ADR-0028: Golden-Page-Seeded Taxonomy-Gated Ingestion
Superseded (2026-03-09): The 8-type classification system described below has been replaced with binary hub/detail classification. See the hub/detail reclassification plan for details.
Date: 2026-02-13 | Status: Accepted
Context
The ZOL RAG knowledge graph (Hogan et al., 2021) had critical quality issues traced to a single root cause: entities were extracted bottom-up from unstructured content (brochures, news pages) instead of being seeded top-down from authoritative golden pages. This caused:
- Phantom relationships: "Dementie handled by Urologie" from brochure co-occurrence
- Hub node inflation: Spoedgevallen linked to 244 relationships via co-occurrence
- Orphan doctors: 53 doctors with no WORKS_IN relationships
- Meaning drift: Brochure mentions creating structural relationships
Decision
Three-Phase Pipeline
- Scrape golden pages → PostgreSQL taxonomy (
scrape_taxonomy) - Seed Neo4j from taxonomy (
seed_golden_graph) — creates all authoritative entities - Gate content ingestion — source page type determines what can be created/linked
Source Page Type Classification
Every page gets classified by classify_page_type() into one of:
GOLDEN_SEED— taxonomy seeder (highest authority)GOLDEN_LISTING— /zol-artsen listing pagesDEPARTMENT_PAGE— /medische-diensten, /raadplegingen/{dept}ZORGAANBOD— /ziekte-en-zorg, /ziektebeeld/, /behandeling/DOCTOR_PAGE— /zol-arts/{slug} (skipped: lorem ipsum on dev site)BROCHURE,NEWS,GENERAL,UNKNOWN
Creation Gating
| Entity Type | Allowed Sources |
|---|---|
| Doctor (new) | golden_seed, golden_listing only |
| Department (new) | golden_seed, golden_listing, department_page |
| Treatment/Condition/etc. | Any source (relaxed) |
Relationship Gating
| Relationship | Allowed Sources |
|---|---|
| WORKS_IN, WORKS_AT_CAMPUS | golden_seed, golden_listing |
| HANDLES, OFFERS, PERFORMS | + department_page, zorgaanbod, raadpleging |
| TREATS, RELATED_TO, etc. | Any source |
Provenance Split
SOURCED_FROM split into:
CURATED_FROM— from golden/department pages (strong provenance)MENTIONED_IN— from brochures/news/general pages (weak provenance)
Consequences
Positive
- Zero phantom HANDLES/OFFERS relationships from brochures
- All doctors pre-populated with correct WORKS_IN from golden pages
- Clear provenance trail (CURATED_FROM vs MENTIONED_IN)

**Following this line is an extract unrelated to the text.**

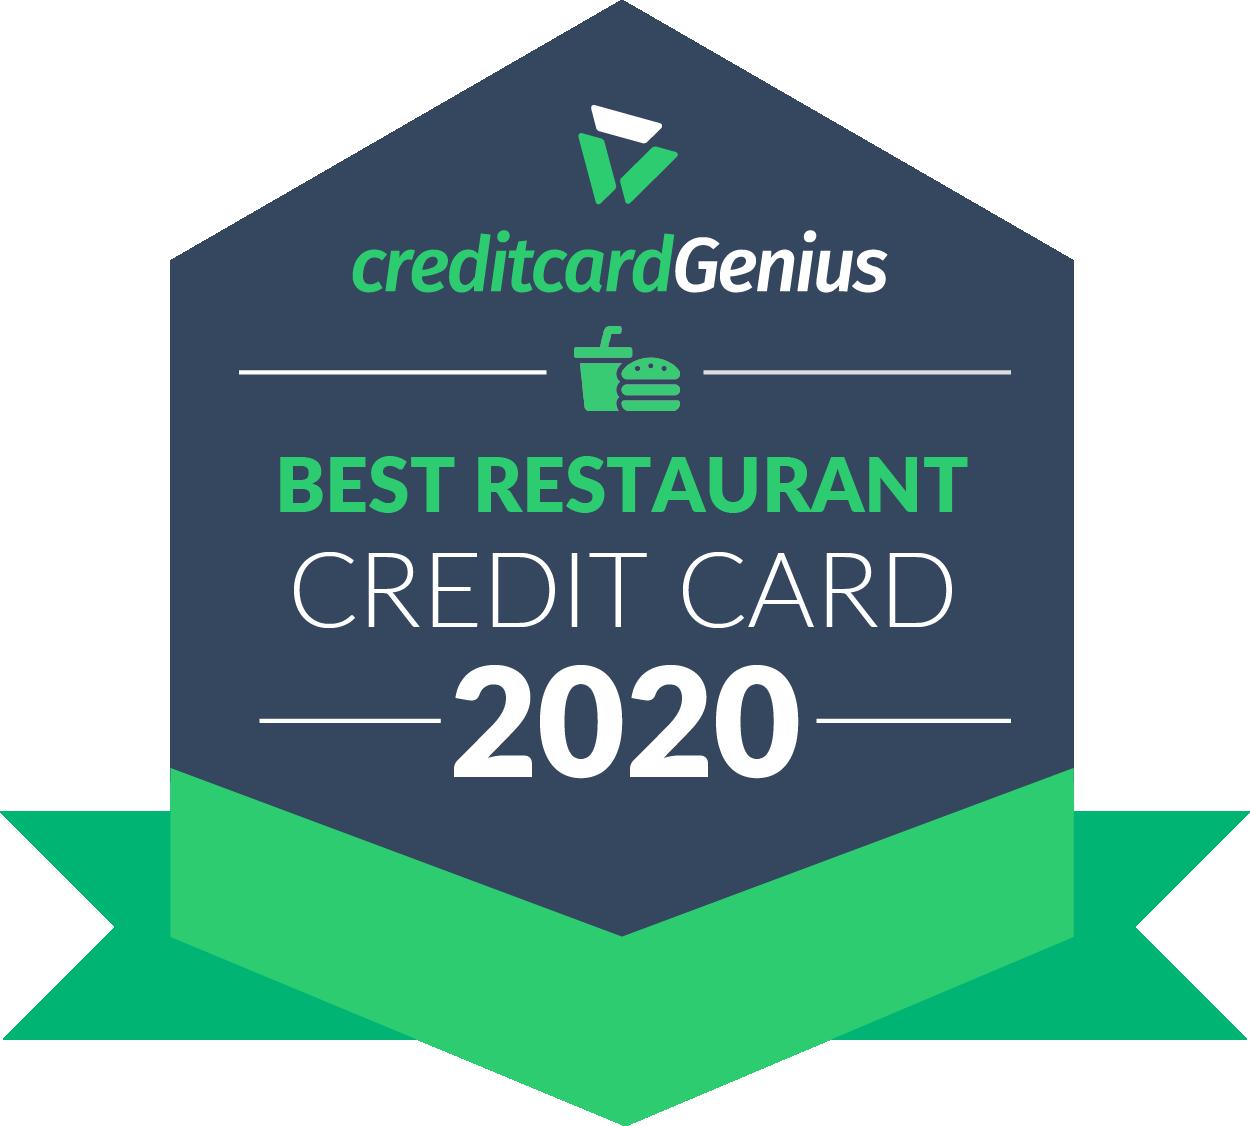 Best restaurant credit card for 2020 award seal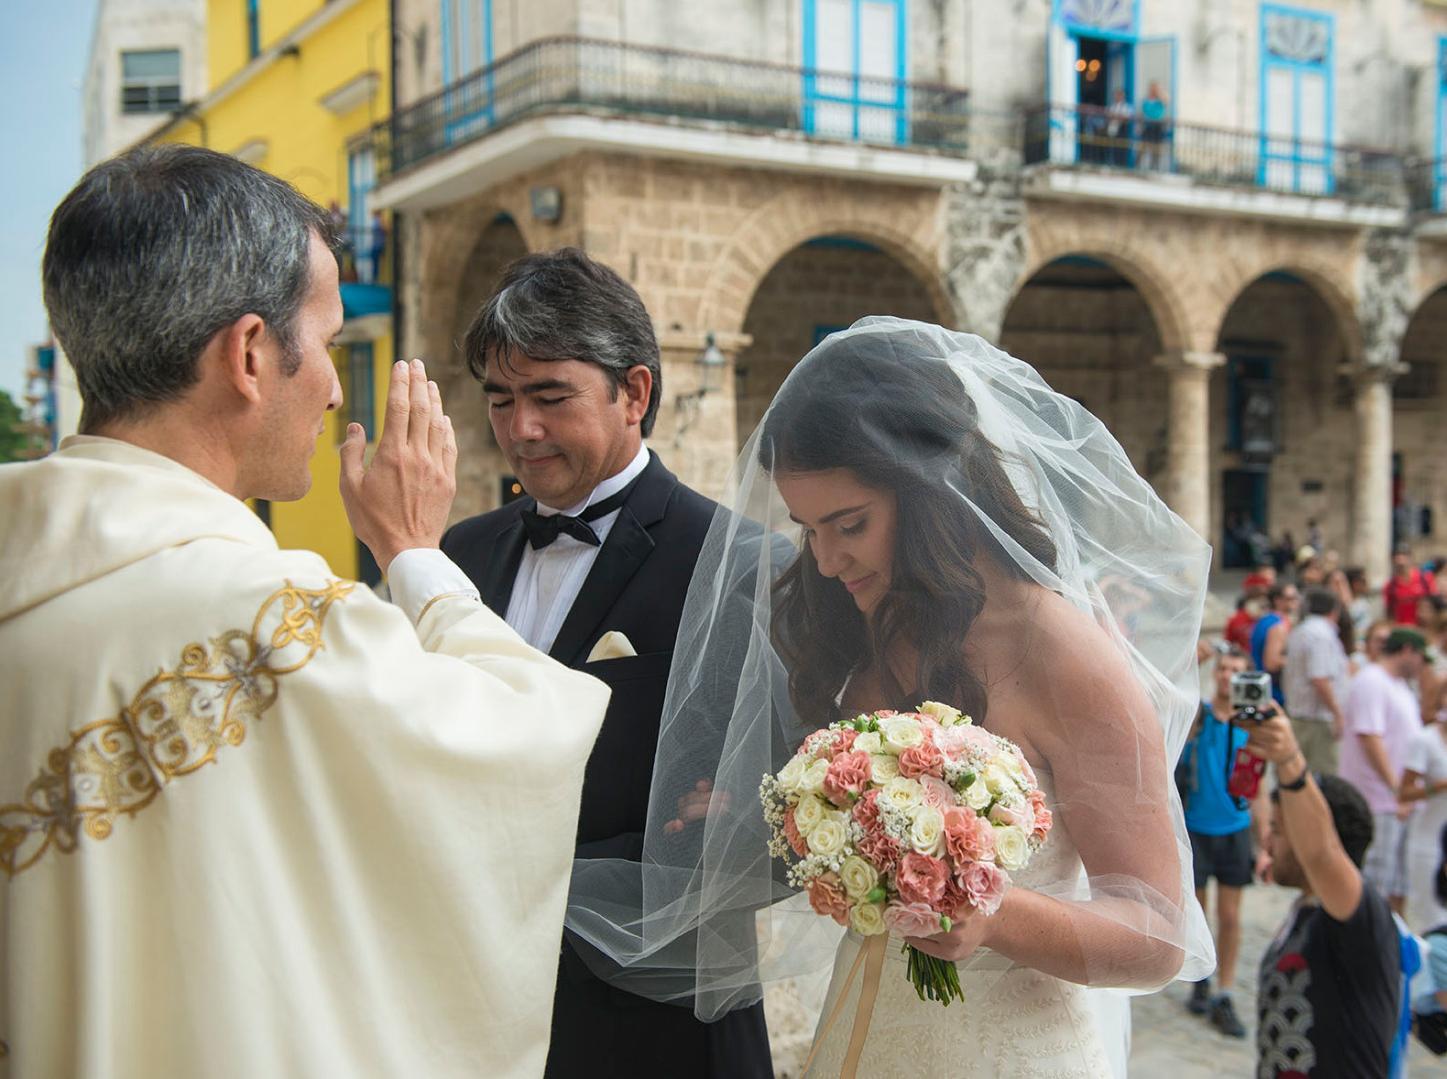 bodas-sin-clasificar-sin-tema-cuba-14851.jpg

- Content pages can only link to existing entities, not create new ones
Negative
- Requires running seeder before ingestion (additional pipeline step)
- New entity types not in taxonomy need manual golden page addition
- Consultation schedule scraping adds ~65 HTTP requests to scrape phase
Update (2026-03-09): Hub/Detail Reclassification
The original 8-type classification described above was replaced with binary hub/detail classification.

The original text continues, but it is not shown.